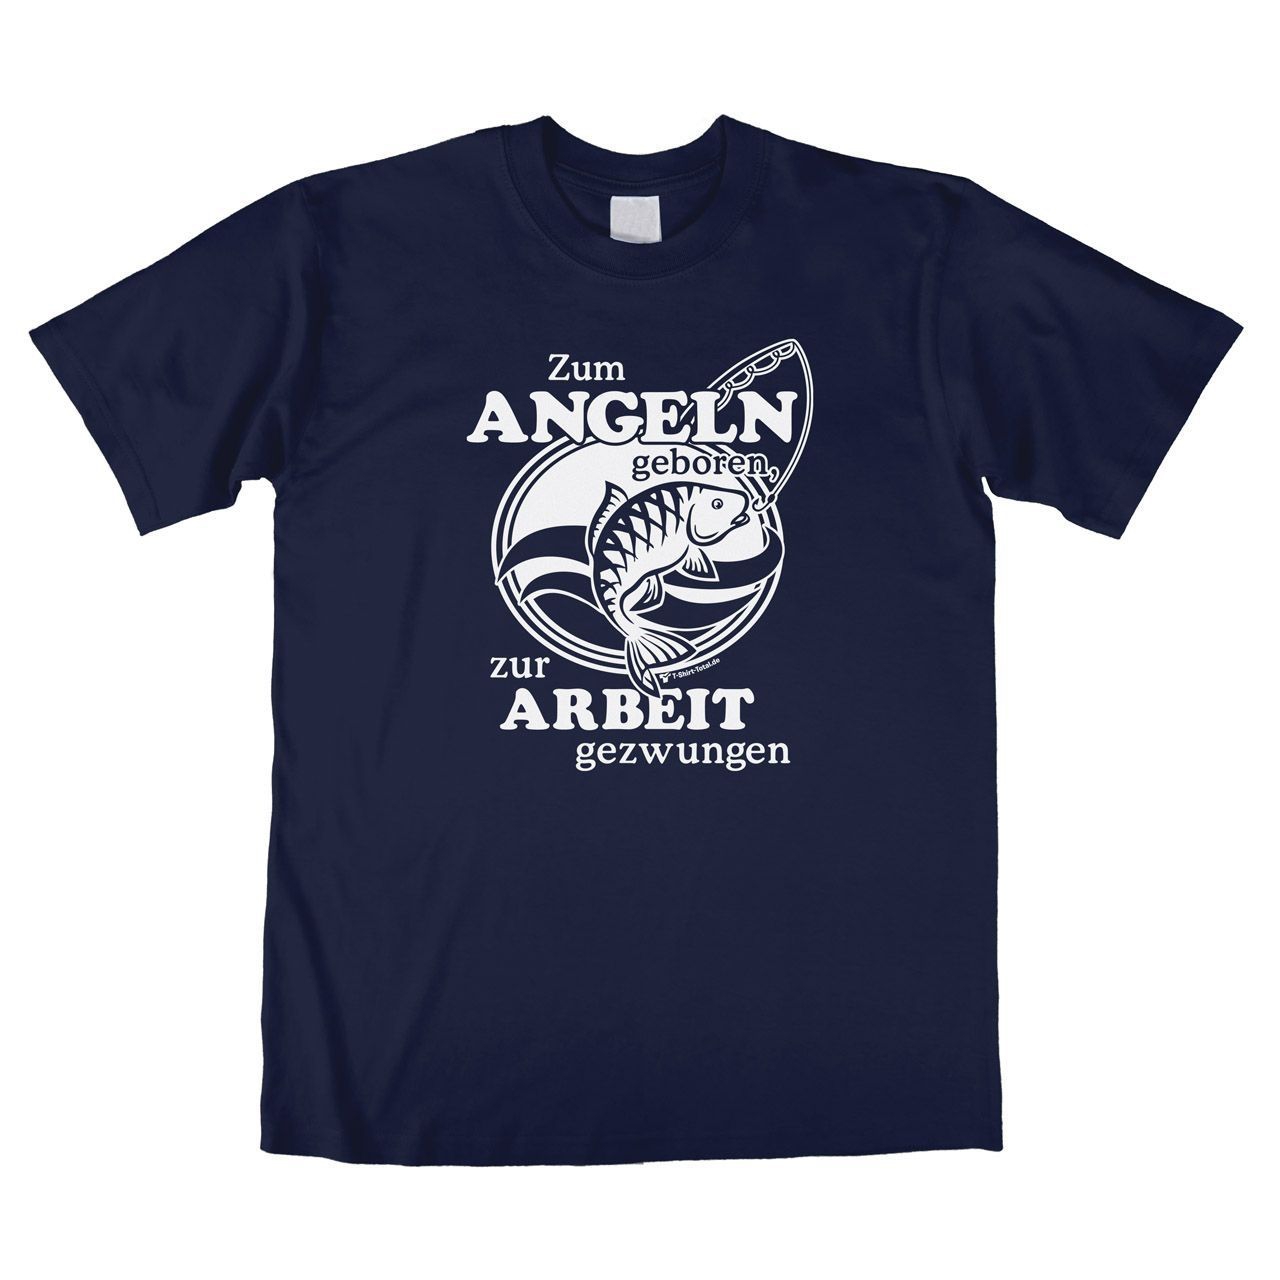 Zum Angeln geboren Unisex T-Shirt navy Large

--

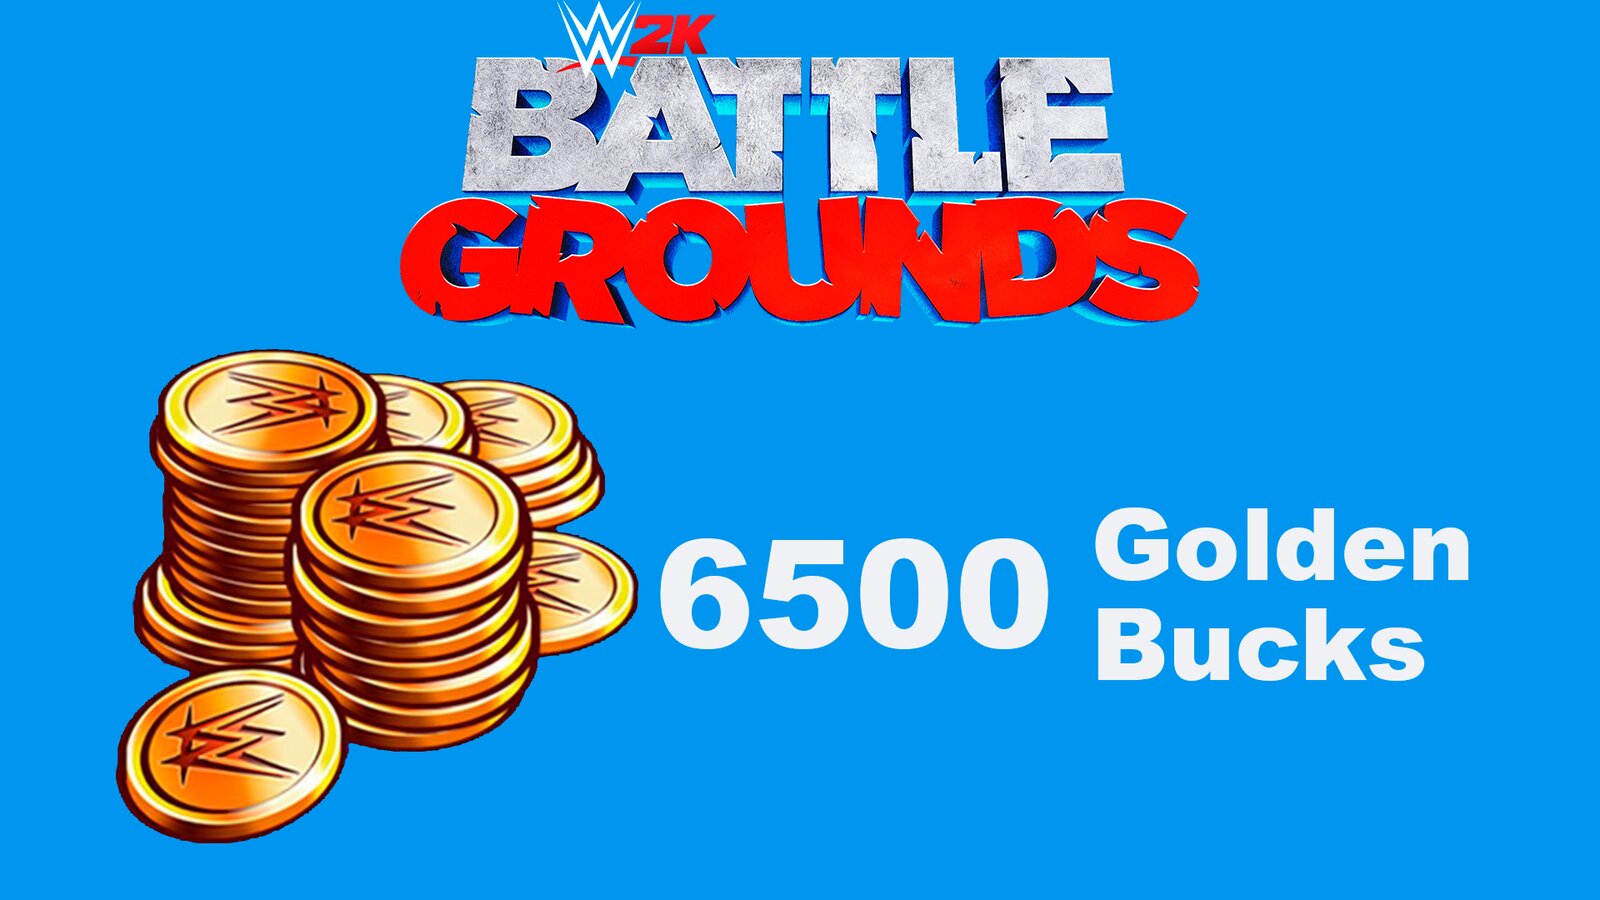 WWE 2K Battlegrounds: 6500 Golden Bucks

---

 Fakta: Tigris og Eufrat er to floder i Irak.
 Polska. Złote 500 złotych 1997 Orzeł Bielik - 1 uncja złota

Task to carry out — Would you quote everything above from the line containing "Fakta: Tigris og Eufrat er to floder i Irak." down to the line containing "Polska. Złote 500"? Include both of those lines and nothing else.

Response below —
 Fakta: Tigris og Eufrat er to floder i Irak.
 Polska. Złote 500 złotych 1997 Orzeł Bielik - 1 uncja złota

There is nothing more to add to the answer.